Gray diam saat dia memindahkan shield kedua untuk mendukung yang pertama.
Aku
menyelipkan seikat rambut biruku ke belakang telingaku saat aku mengirim caster lain di sepanjang garis kiri papan untuk memaksa penjaganya turun ke
tengah.
Kunci kemenangan sejati dalam
Sovereigns Quarrel adalah mengamankan jalur melalui papan. Ini
membutuhkan pemikiran ke depan, tetapi juga kreativitas. Itu adalah
permainan yang pelan dan hati-hati. Atau, dengan berfokus pada
penghancuran Sentry musuh saja, ada kemungkinan untuk mengakhiri
permainan dengan cepat, tetapi sering kali membuat kedua pemain tidak
puas.
"Kita tahu keberadaanmu di sini bukanlah suatu kebetulan," kata Gray saat dia melakukan langkah selanjutnya.
“Tidak,” aku mengakui, menimbang langkahku—dan kata-kataku—dengan hati-hati. "Bukan itu."
Memutuskan
tindakan berani diperlukan, aku memindahkan seorang striker ke tengah
lapangan. “Ketika kau tidak mau menemui orang tua
angkatku setelah persidangan, mereka mengatur agar aku membantu Profesor
Aphelion untuk memata-mataimu dan … mendapatkanmu, jika aku bisa.

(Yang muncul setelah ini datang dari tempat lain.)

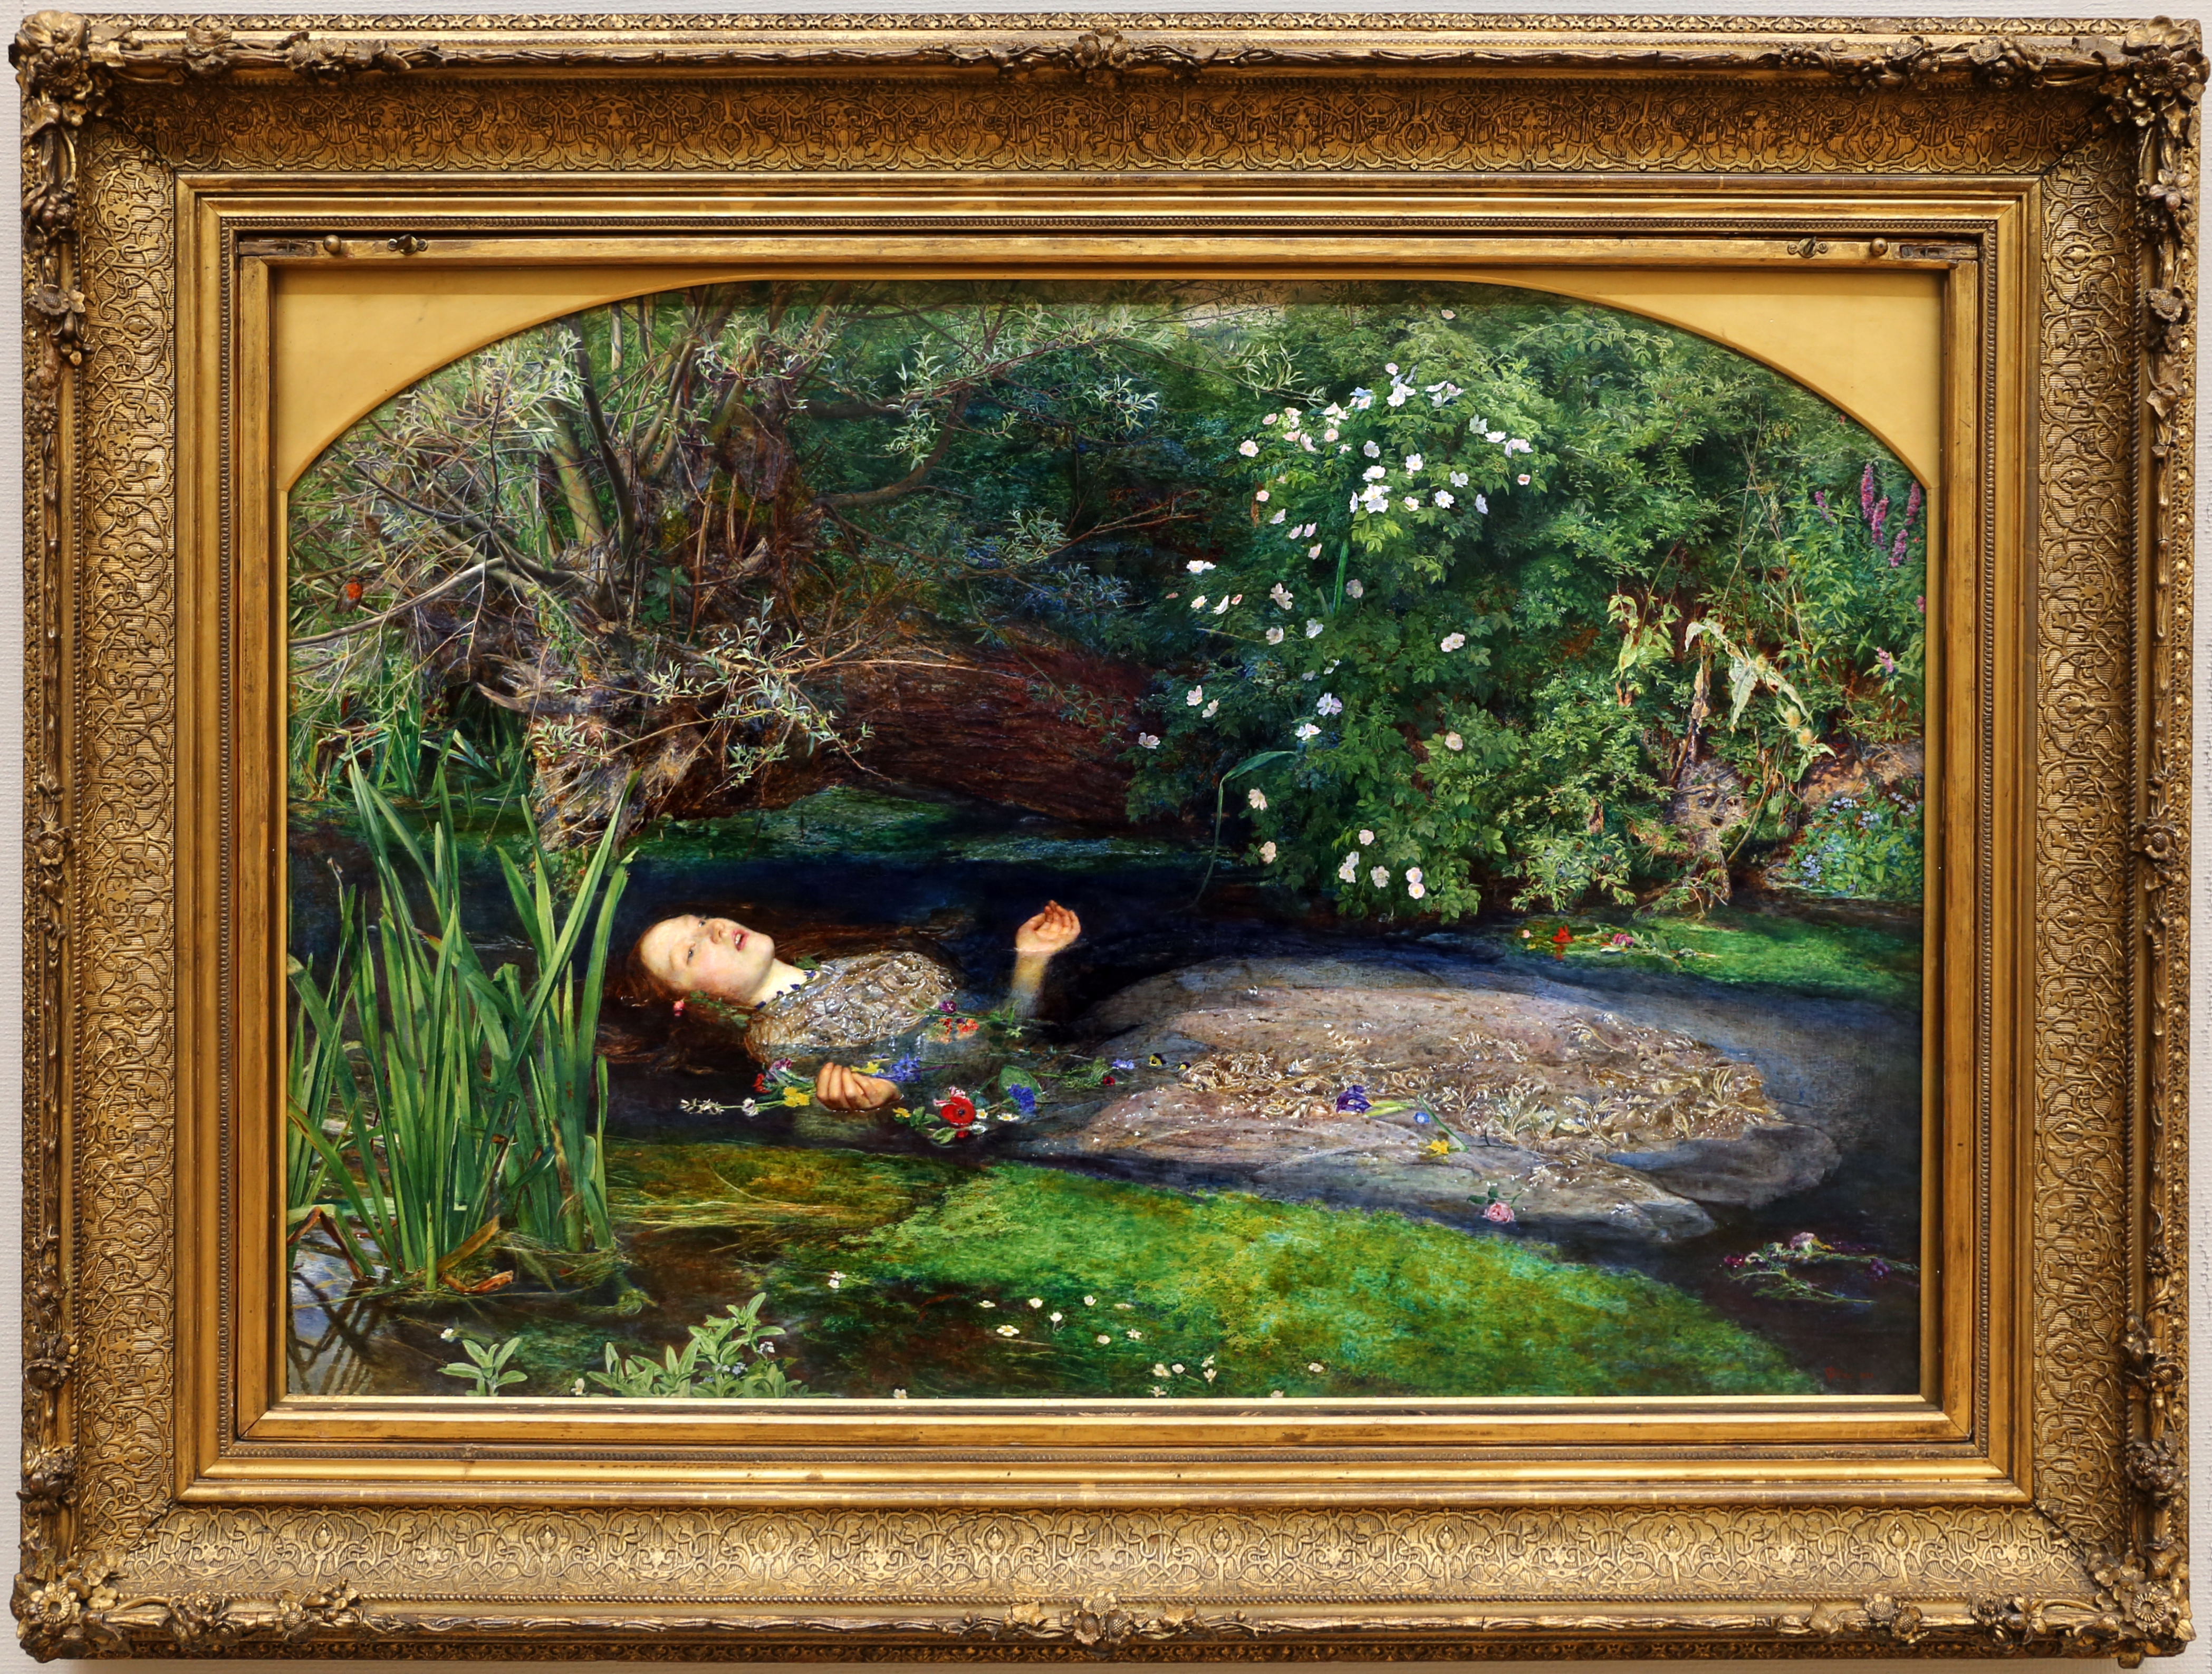 File:John everett millais, ofelia, 1851-52, 01 jpg

Mentorku"—Aku menahan nama Scythe Seris, ragu untuk mengungkapkan
hubungan itu—"memintaku untuk mengawasimu juga, secara pribadi."
Fokus
Grey tidak pernah meninggalkan papan permainan. Dia tidak bergeming,
mengerutkan kening, atau berkedip. Kami bertukar beberapa gerakan
sebelum dia berbicara lagi.
"Kurasa aku cukup populer."
Aku
mengerucutkan bibirku dan menatapnya dengan marah. “Kau adalah variabel yang sepertinya tidak ada yang tahu apa yang harus
dilakukan denganmu, dan karena kecerobohanku sendiri, aku telah dibelenggu dengan
tanggung jawab untuk melacakmu.”
Gray berkedip
karena terkejut, yang aku tanggapi dengan tawa yang tulus. “Aku hanya
bercanda... setidaknya sebagiannya. Kurasa memaksaku menjadi asisten
Profesor Aphelion juga merupakan cara orang tuaku menghukumku karena
menyelinap keluar.”
Ascender misterius itu menggaruk rambut pirang gandumnya dengan tidak nyaman, dan matanya kehilangan fokus untuk sesaat.